With the holiday shopping season just around the corner, Microsoft's anti-Apple ad blitz is slowly but surely picking up steam. Over the past two-and-a-half weeks, the folks up in Redmond have released three commercials which poke fun at the iPhone and, somewhat curiously, the MacBook Air.
As far as tech advertisements go, Microsoft's trio of commercials aren't too shabby, if only because the company has seemingly realized that touting the benefits of Microsoft Office isn't the most engaging, creative, or effective way to lure users away from competing devices.
Here's what we got.
Earlier this month, Microsoft released the following ad pitting the MacBook Air against the Lenovo Yoga 3 Pro laptop.
It's a nice ad, and it certainly plays to the Lenovo's strengths. Still, with a sticker price of US$1,299, I'm not entirely sure that the machine's "multi-mode flexibility" will cause prospective MacBook Air consumers to second guess their interest in a Mac. The Lenovo Yoga 3 might be thinner and lighter than the MacBook Air, and sure, it may also have a few sleek yoga moves up its sleeve, but it still runs Windows which is more than enough to turn off potential MacBook Air buyers. Nonetheless, the Yoga 3 looks like a sleek machine and the commercial does an exemplary job of introducing it.
About one week ago, Microsoft released a Surface Pro 3 ad poking fun at the MacBook Air.
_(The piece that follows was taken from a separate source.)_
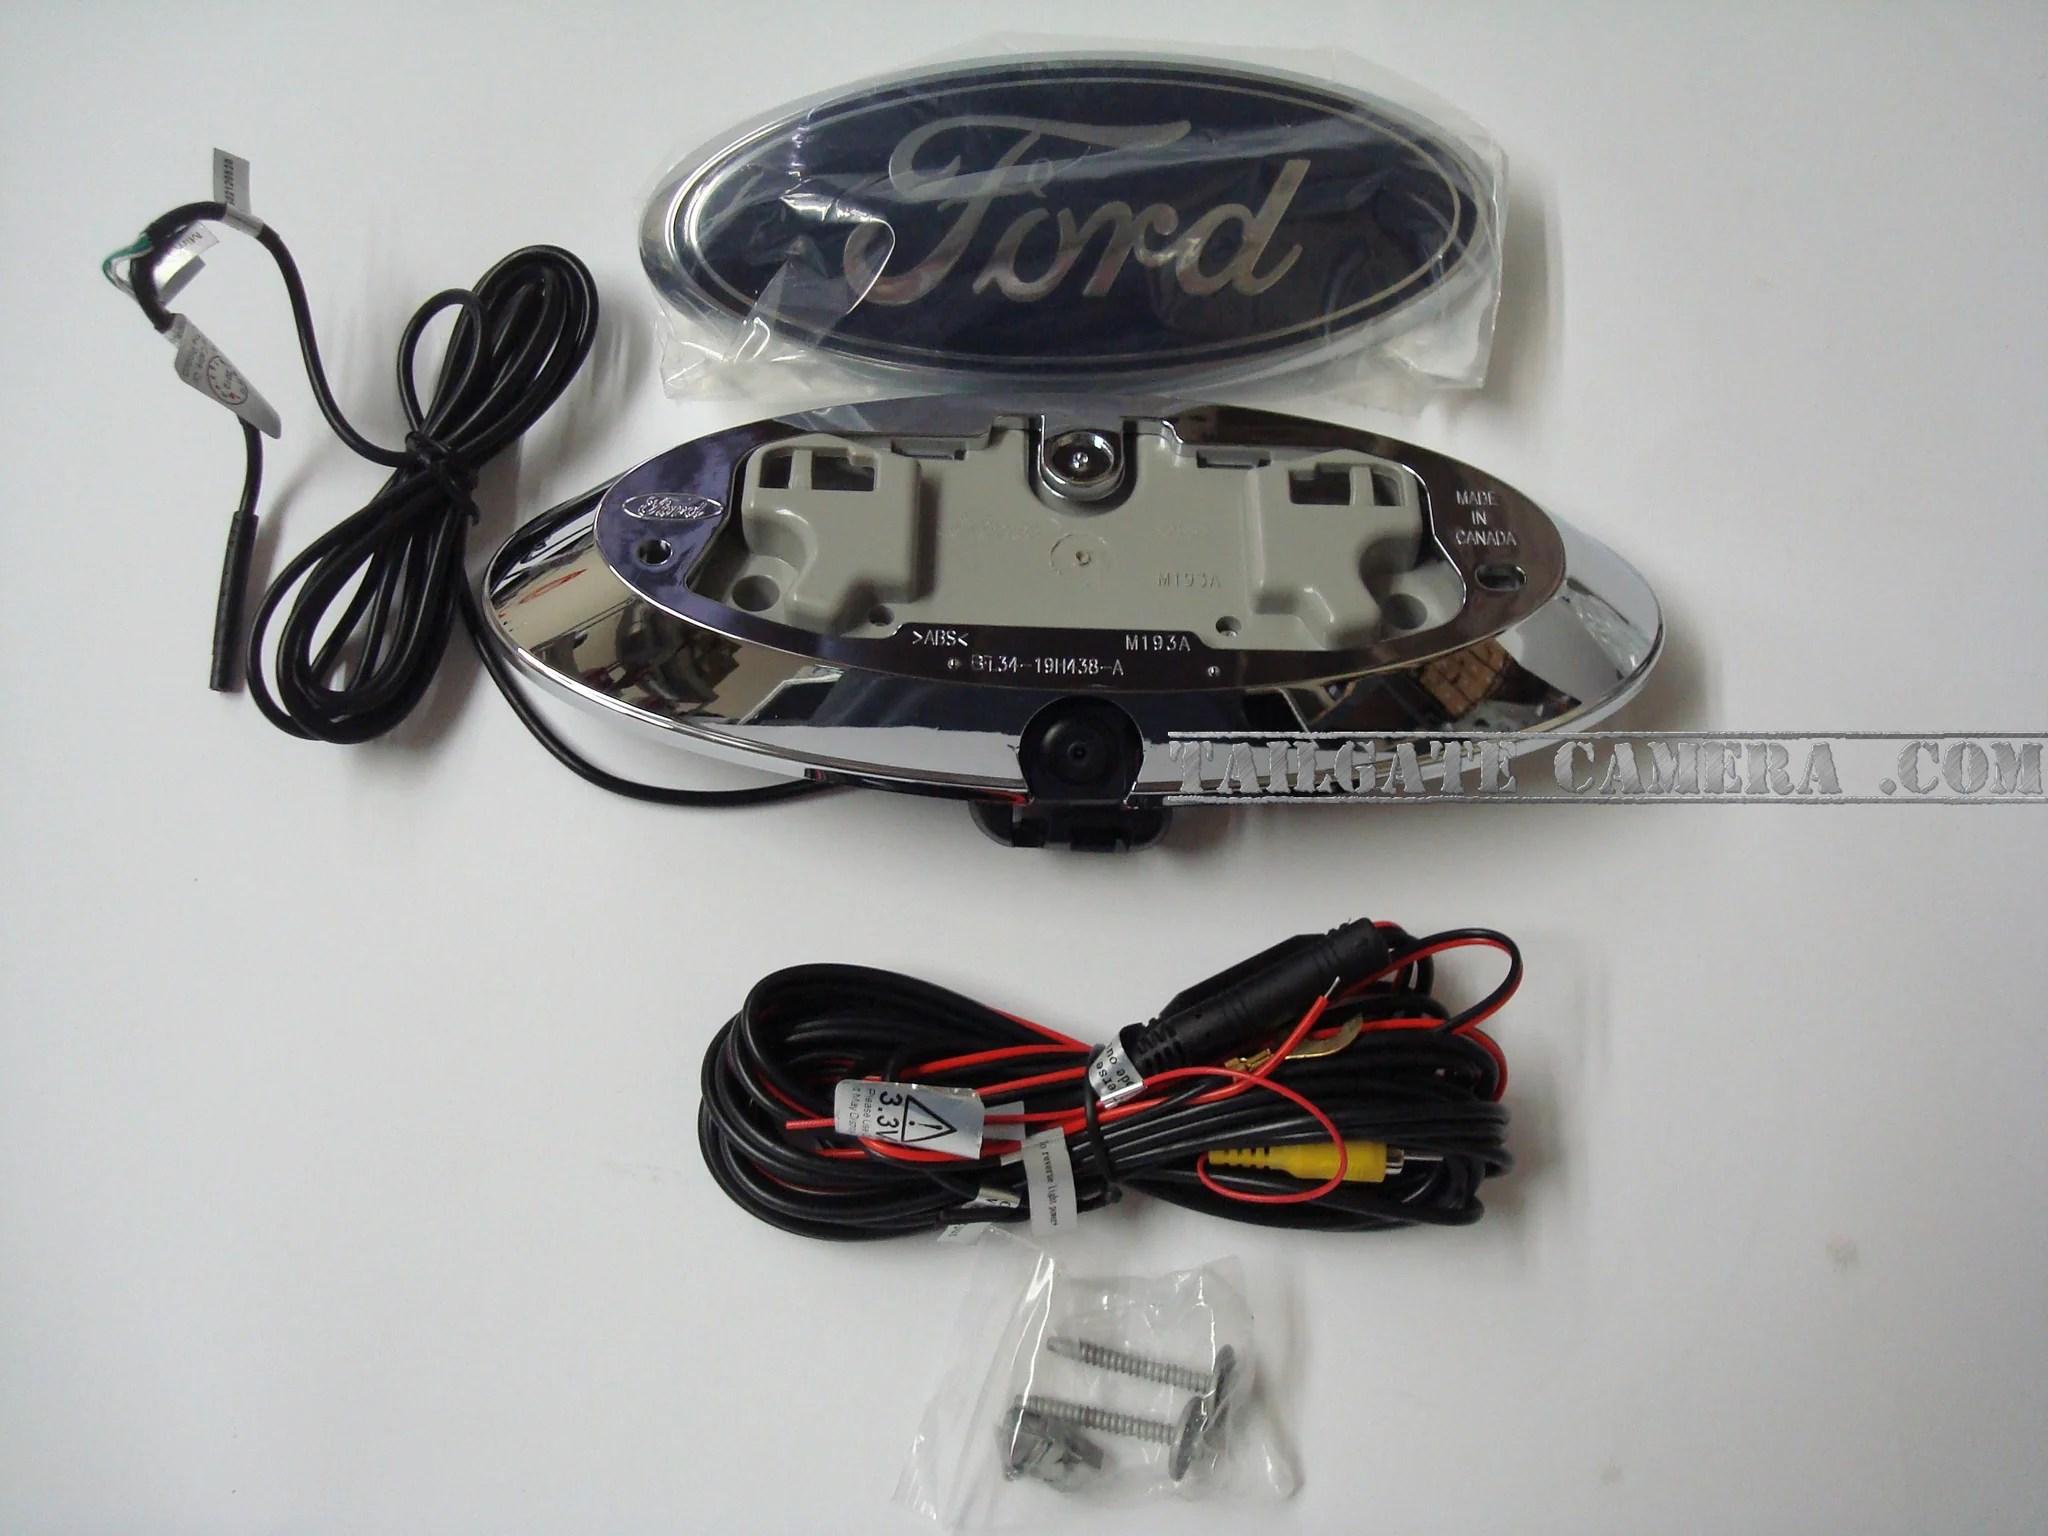 2007 ford f 250 oem wiring harness wiring diagram best data 2003 ford f 250 mirror wiring harness [ 2048 x 1536 Pixel ]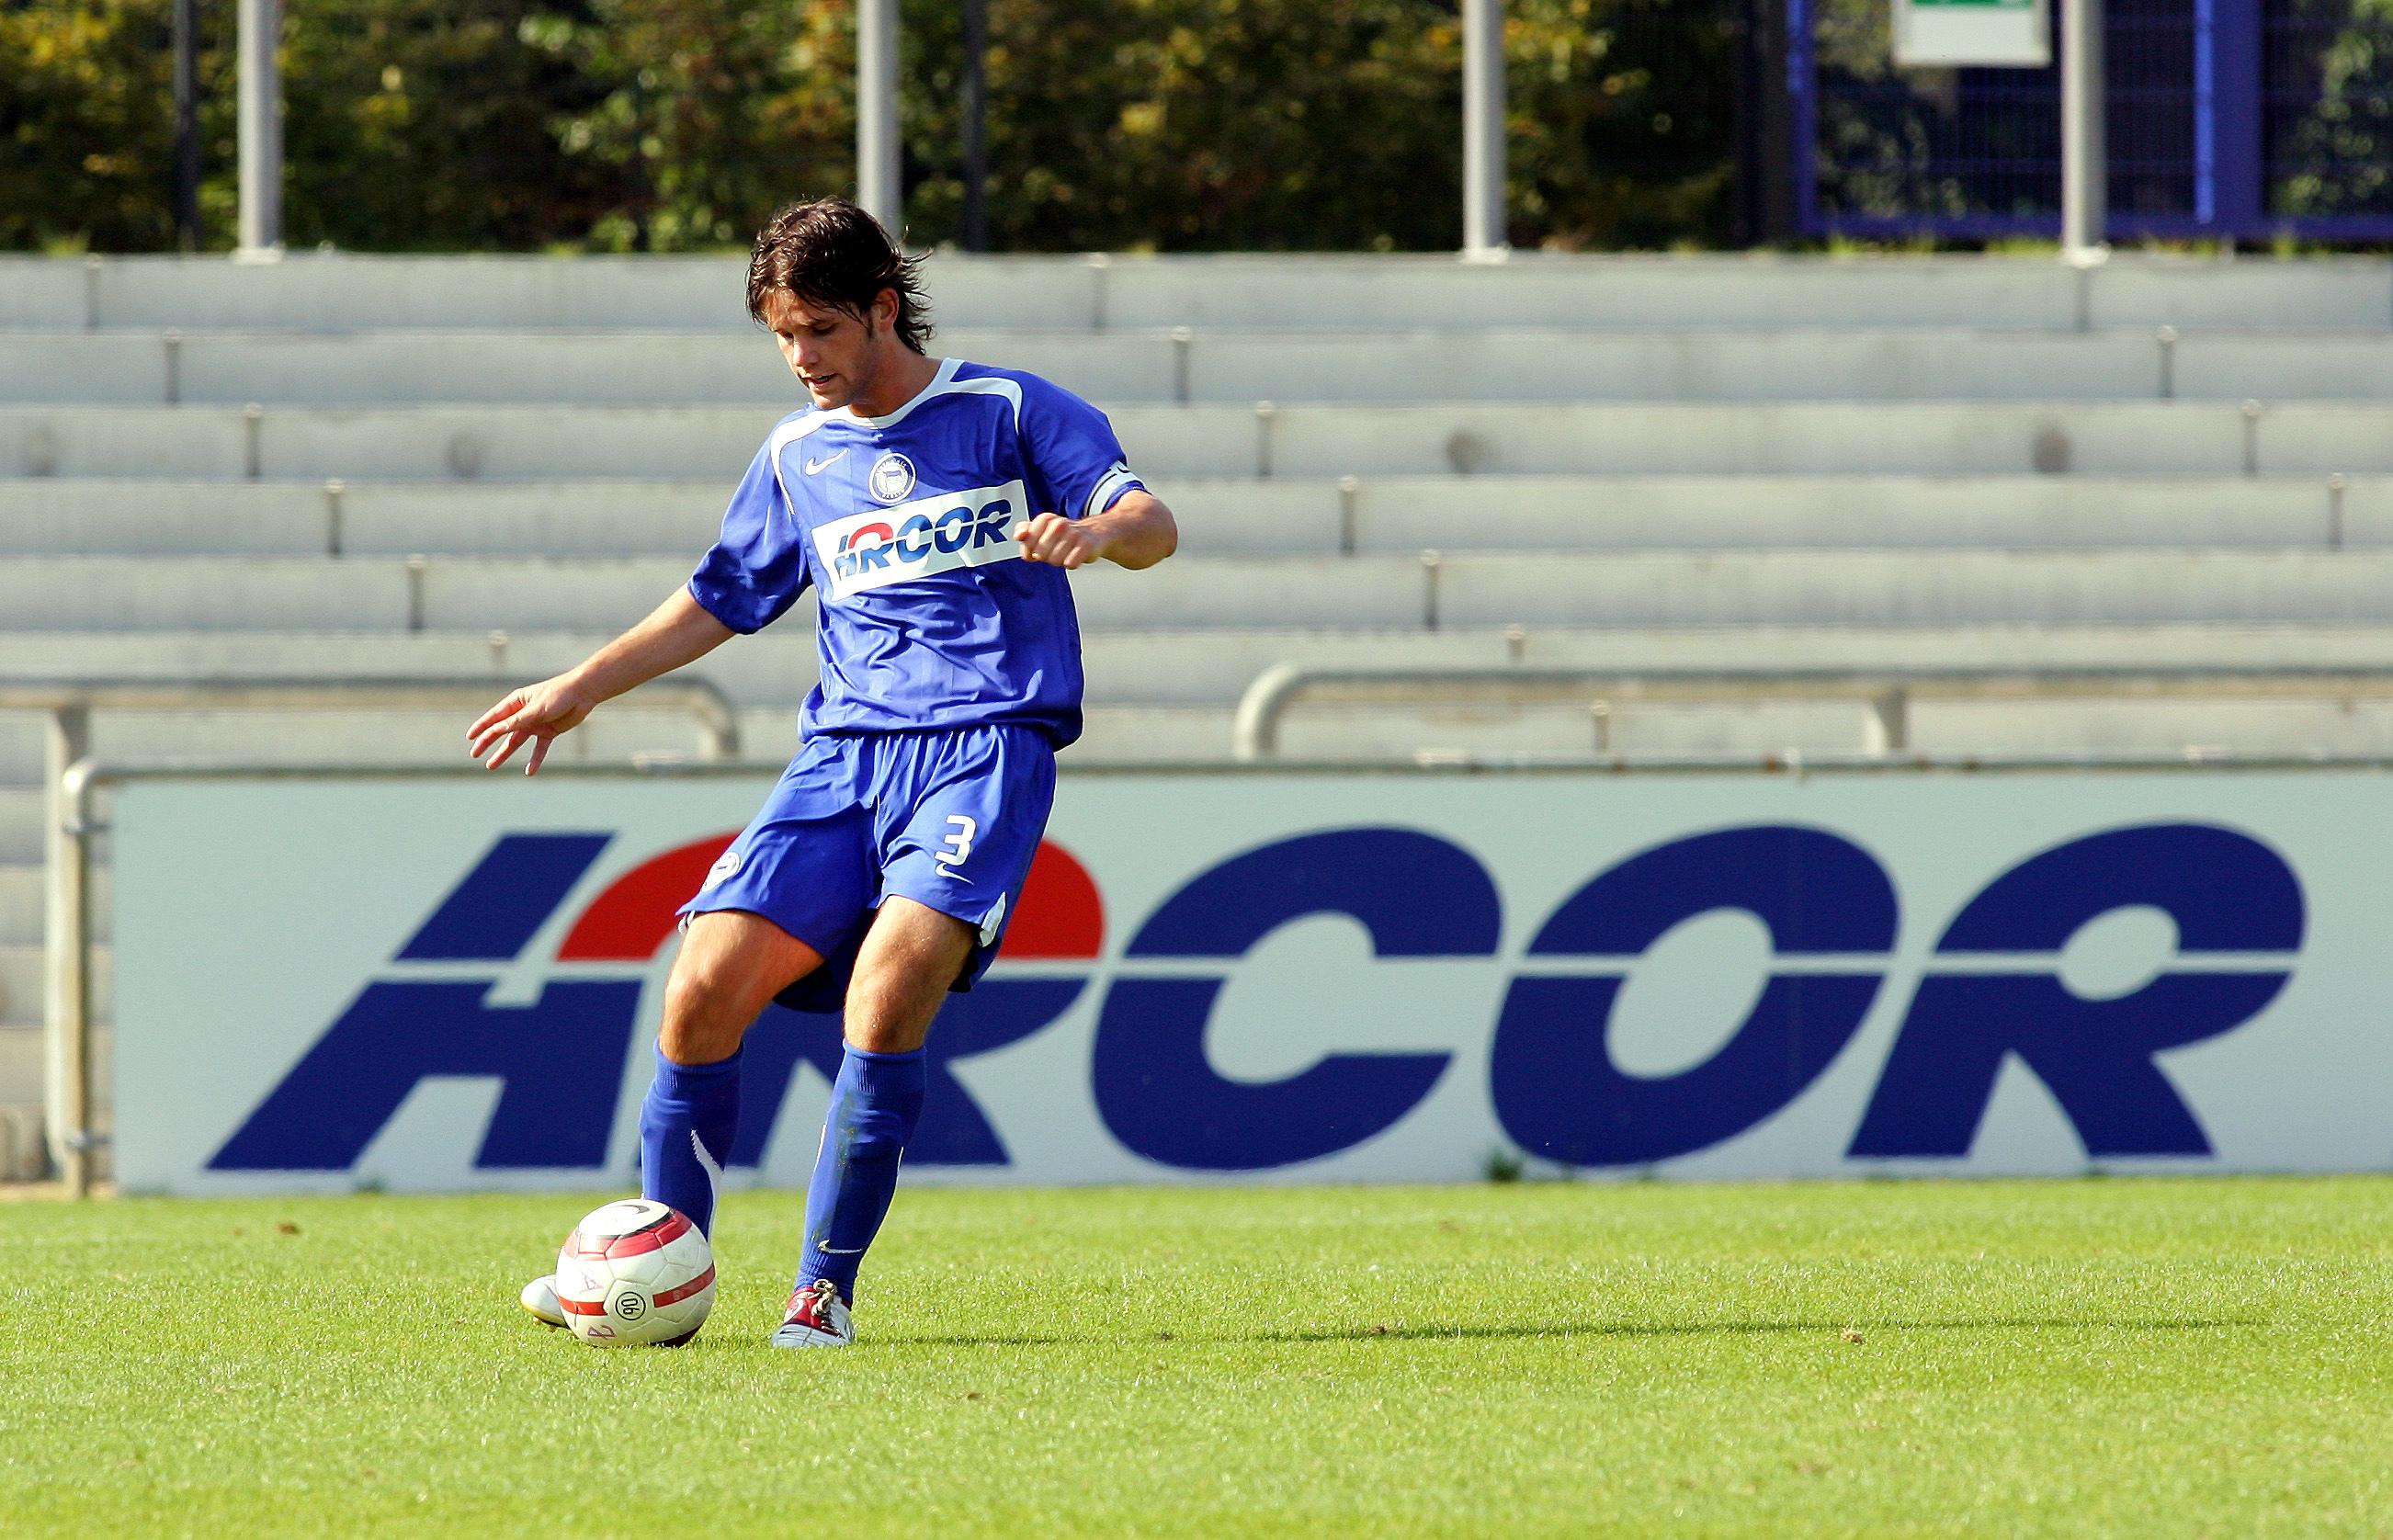 Rico Morack

Anchored by a jingle sung to the tune of "Winter Wonderland", the ad touts the Surface Pro 3's power, its multitouch screen, its USB port (though the MacBook Air has 3 itself), and oddly enough, the device's kickstand.
While the ad itself is decent, I can't help but think that Microsoft's strategy of positioning the Surface Pro 3 against a traditional laptop furthers a debate that no one is really having. Microsoft is still all-in on the idea of a laptop/tablet hybrid despite no strong evidence that consumers are actually interested in such a device in the first place. Still, the commercial plays to the Surface Pro 3's strengths and differentiating features.
Most recently, Microsoft rolled out an ad which takes jabs at Siri, highlighting how it doesn't support contextual reminders and unprompted traffic advice.
Based on the above commercials, it appears that Microsoft is intent on fighting simultaneous battles on two fronts; attacking both the iPhone and the iPad. On the smartphone front, Windows Phone has less than 5% marketshare and it's hard to envision a scenario where Microsoft, despite all of its marketing muscle, can effectively chip away at the marketshare currently enjoyed by Apple and a slew of Android manufacturers. On the tablet front, it's interesting that Microsoft isn't pitting the Surface Pro 3 against the iPad, but rather against the MacBook Air. Thus far, the Surface Pro 3 appears to be Microsoft's most successful tablet yet, though given previous Surface sales, that's not really saying much.